X.shape, Y.shape # each input to the neural net is 3 integers, and we have 228146 examples in total

emma
... -> e
..e -> m
.em -> m
emm -> a
mma -> .

olivia
... -> o
..o -> l
.ol -> i
oli -> v
liv -> i
ivi -> a
via -> .

ava
... -> a
..a -> v
.av -> a
ava -> .

isabella
... -> i
..i -> s
.is -> a
isa -> b
sab -> e
abe -> l
bel -> l
ell -> a
lla -> .

sophia
... -> s
..s -> o
.so -> p
sop -> h
oph -> i
phi -> a
hia -> .



(torch.Size([32, 3]), torch.Size([32]))

we now construct the lookup table *C*. shape will be *e x c x d* where *e* is the number of examples, *c* is the context length, and *d* is the embedding dimension

In [None]:
C = torch.randn((27, 2)) # 27 chars in the vocab, and each word is represented with a 2 dimensional vector
emb = C[X] # get all embeddings for the input simultaneously
emb.shape

torch.Size([32, 3, 2])

we now construct the hidden layer

In [22]:
W1 = torch.randn((6, 100)) # 6 inputs to each neuron (3 words x 2 embedding dimensions) and 100 neurons in total (our choice)
b1 = torch.randn((100))

In [None]:
# do a little preprocessing to make matmul possible
# concatenate embeddings for each element in context
torch.cat([emb[:, 0, :], emb[:, 1, :], emb[:, 2, :]], dim=1)

# the code below does the same thing elegantly, however not elegant from a memory/performance perspective because it creates a new tensor and copies the data
torch.cat(torch.unbind(emb, dim=1), dim=1)

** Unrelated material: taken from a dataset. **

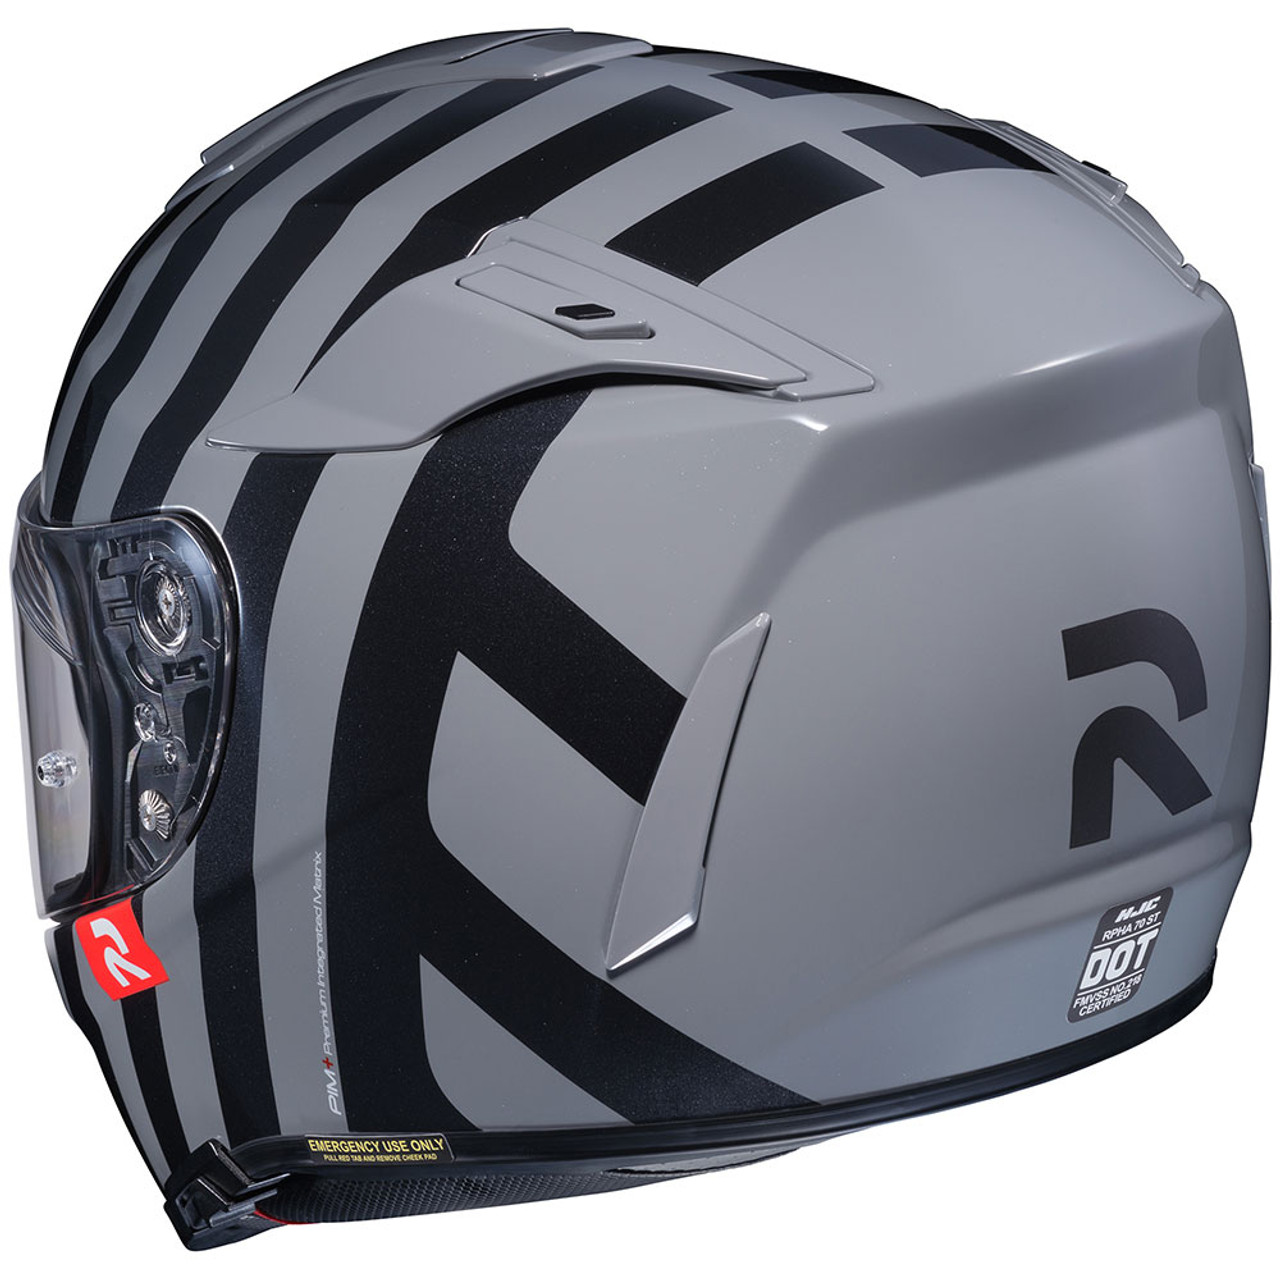 hjc rpha 70 st forvic helmet get lowered cycles. Black Bedroom Furniture Sets. Home Design Ideas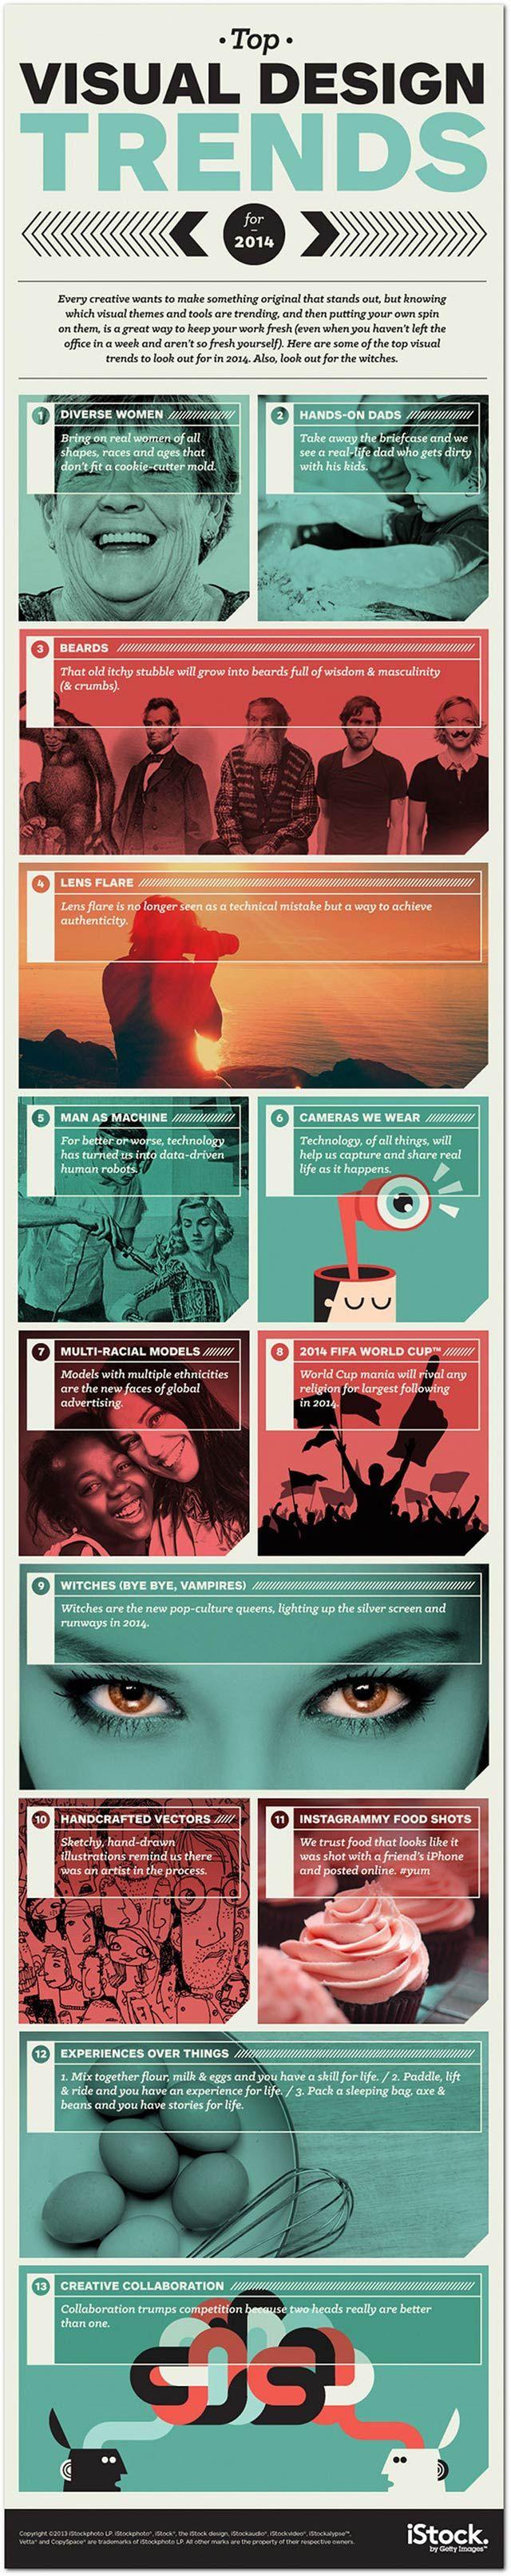 Mejores 13 imágenes de infografia en Pinterest | Diseño gráfico ...

# the code below does it even more elegantly, and does not create a new tensor, just modifies internal "view" of the tensor
# to see why, call tensor.storage() to see the internal storage of the tensor
emb.view(32, 6)


tensor([[-0.7511,  0.3032, -0.7511,  0.3032, -0.7511,  0.3032],
        [-0.7511,  0.3032, -0.7511,  0.3032,  0.3078, -0.2471],
        [-0.7511,  0.3032,  0.3078, -0.2471,  1.3071,  1.0924],
        [ 0.3078, -0.2471,  1.3071,  1.0924,  1.3071,  1.0924],
        [ 1.3071,  1.0924,  1.3071,  1.0924, -0.6194,  0.1814],
        [-0.7511,  0.3032, -0.7511,  0.3032, -0.7511,  0.3032],
        [-0.7511,  0.3032, -0.7511,  0.3032,  1.8743,  1.4657],
        [-0.7511,  0.3032,  1.8743,  1.4657,  0.1482,  1.1311],
        [ 1.8743,  1.4657,  0.1482,  1.1311,  0.5089,  0.7235],
        [ 0.1482,  1.1311,  0.5089,  0.7235, -1.5288,  0.7637],
        [ 0.5089,  0.7235, -1.5288,  0.7637,  0.5089,  0.7235],
        [-1.5288,  0.7637,  0.5089,  0.7235, -0.6194,  0.1814],
        [-0.7511,  0.3032, -0.7511,  0.3032, -0.7511,  0.3032],
        [-0.7511,  0.3032, -0.7511,  0.3032, -0.6194,  0.1814],
        [-0.7511,  0.3032, -0.6194,  0.1814, -1.5288,  0.7637],
        [-0.6194,  0.1814, -1.5288,  0.7

In [None]:
# hidden state
# -1 is a wildcard dimension, and will be inferred from the context
h = emb.view(-1, 6) @ W1 + b1
h

tensor([[-2.5970e+00, -4.4699e-03,  6.8337e-01,  ...,  2.7602e+00,
         -2.4164e-01, -3.3464e-01],
        [-1.4067e+00,  1.5983e-01,  8.3273e-01,  ...,  2.2253e+00,
          1.3396e+00, -6.0770e-01],
        [-1.0316e+00, -1.5090e+00,  1.6284e+00,  ..., -2.8019e-01,
          4.7762e+00,  3.2909e+00],
        ...,
        [-1.4183e-02,  3.0865e-01, -4.8807e+00,  ..., -1.2536e+00,
         -5.2495e-01,  3.2218e-01],
        [-2.4998e+00, -8.6947e-01,  1.6189e+00,  ...,  1.7346e+00,
          1.0656e+00,  4.9538e+00],
        [-2.5061e+00, -2.3514e-01, -2.4876e-01,  ...,  1.5671e+00,
          1.5486e-01, -1.8744e-01]])

output layer

In [43]:
# 100 inputs to each neuron, and 27 neurons in total (one for each char)
W2 = torch.randn((100, 27))
b2 = torch.randn((27))

logits = h @ W2 + b2
logits.shape

torch.Size([32, 27])

In [62]:
counts = logits.exp()
probs = counts / counts.sum(dim=1, keepdim=True)
loss = -probs[torch.arange(probs.shape[0]), Y].log().mean()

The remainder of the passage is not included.